* [Exercise]: Transcribe all data verbatim. Skip the pictures.

* [Collected data]:

┌────────

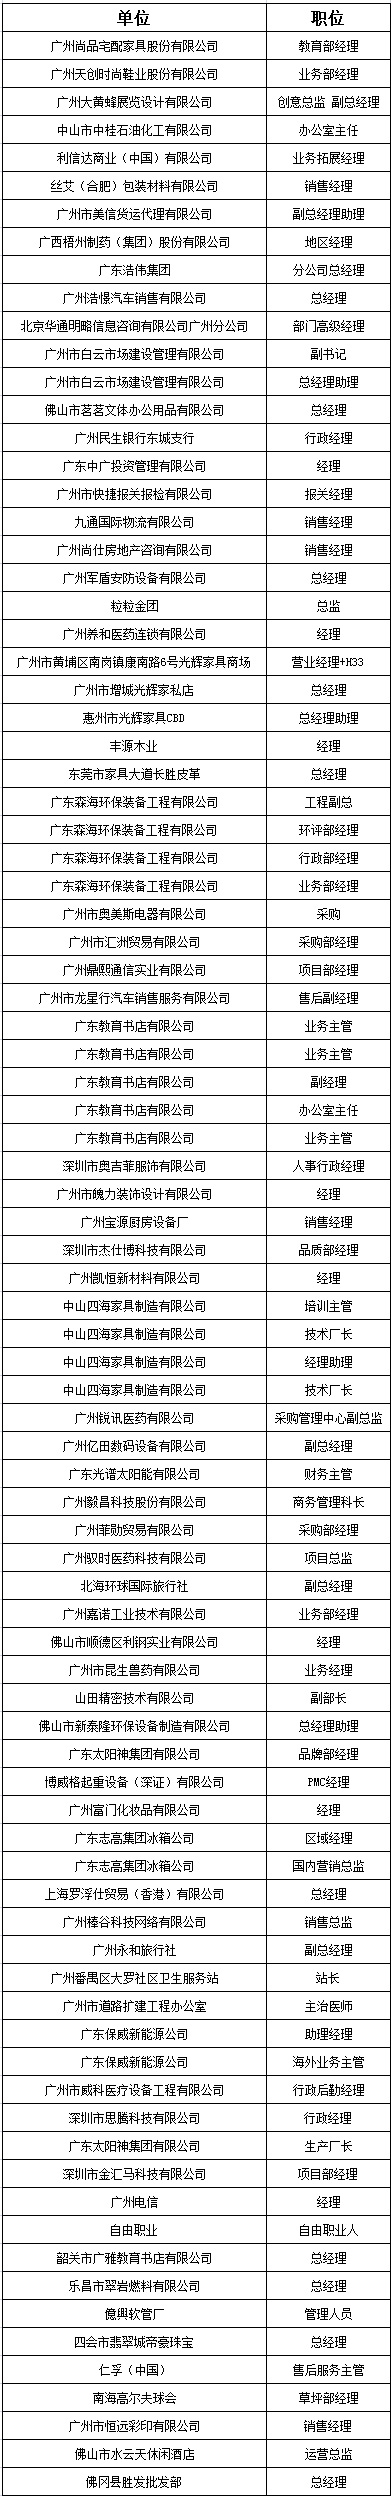 中山大学时代华商教育中心在职经理工商管理高级研修班高级研修班47班学员名录
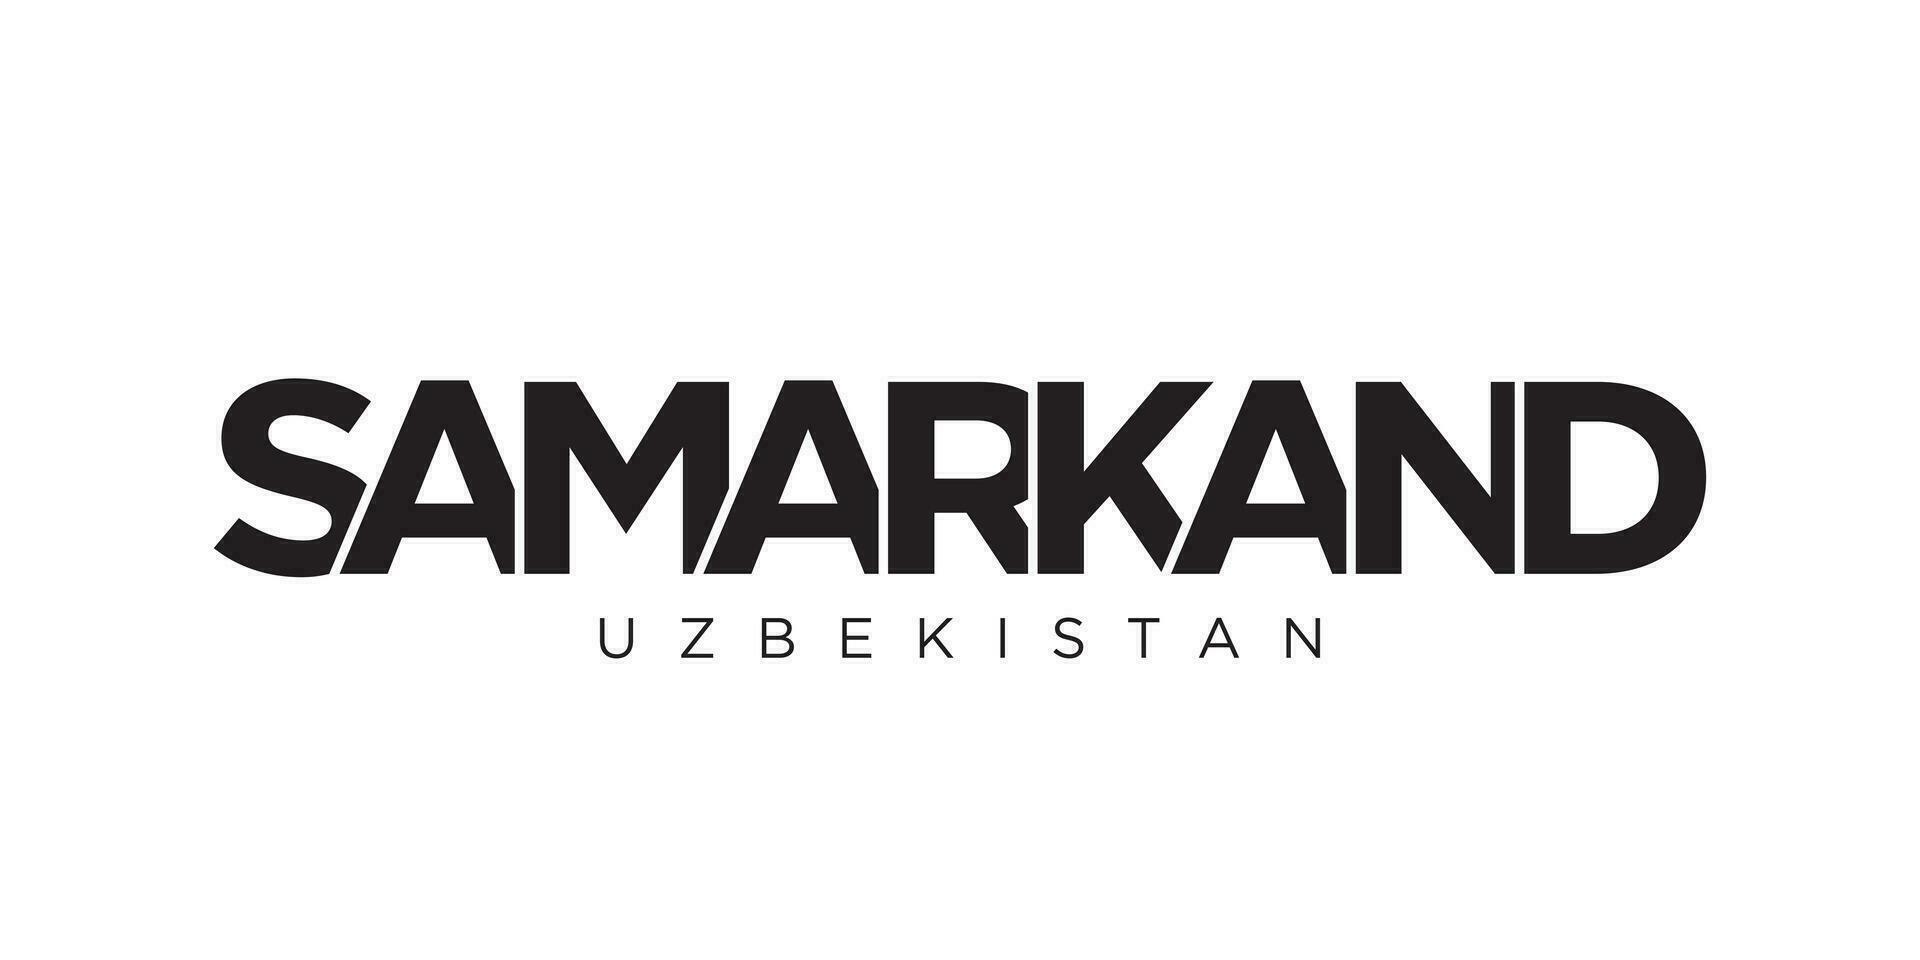 Samarcande dans le Ouzbékistan emblème. le conception Caractéristiques une géométrique style, vecteur illustration avec audacieux typographie dans une moderne Police de caractère. le graphique slogan caractères.
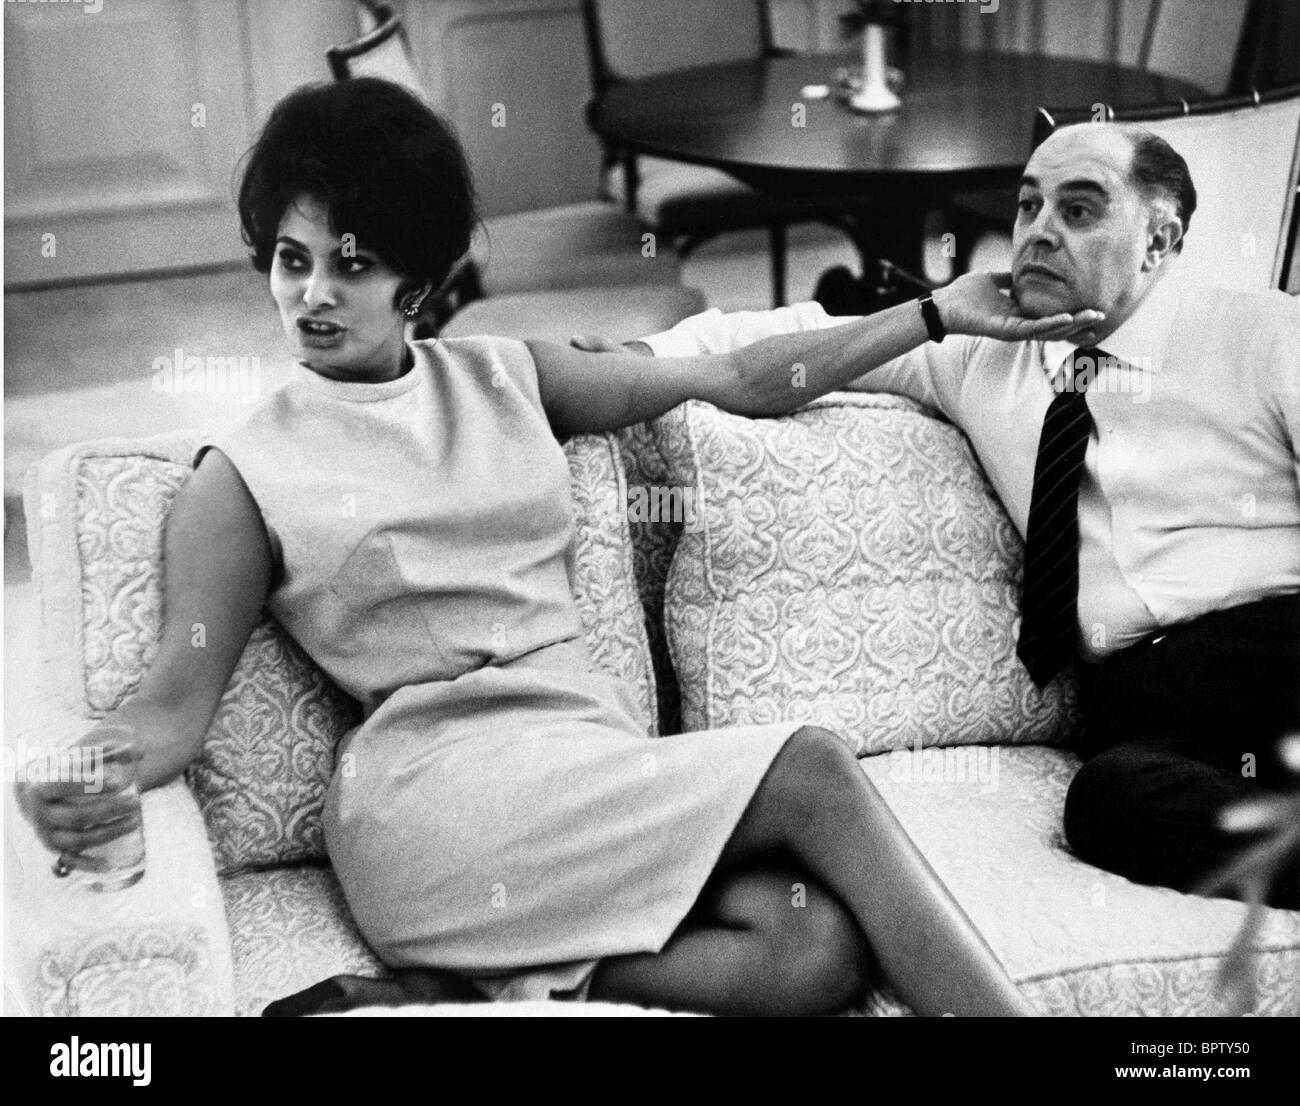 SOPHIA LOREN & CARLO PONTI HUSBAND & WIFE (1965) Stock Photo

└────────

* [Answer space]:
 中山大学时代华商教育中心在职经理工商管理高级研修班高级研修班47班学员名录
 Samarcande dans le Ouzbékistan emblème. le conception Caractéristiques une géométrique style, vecteur illustration avec audacieux typographie dans une moderne Police de caractère. le graphique slogan caractères.
 SOPHIA LOREN & CARLO PONTI HUSBAND & WIFE (1965) Stock Photo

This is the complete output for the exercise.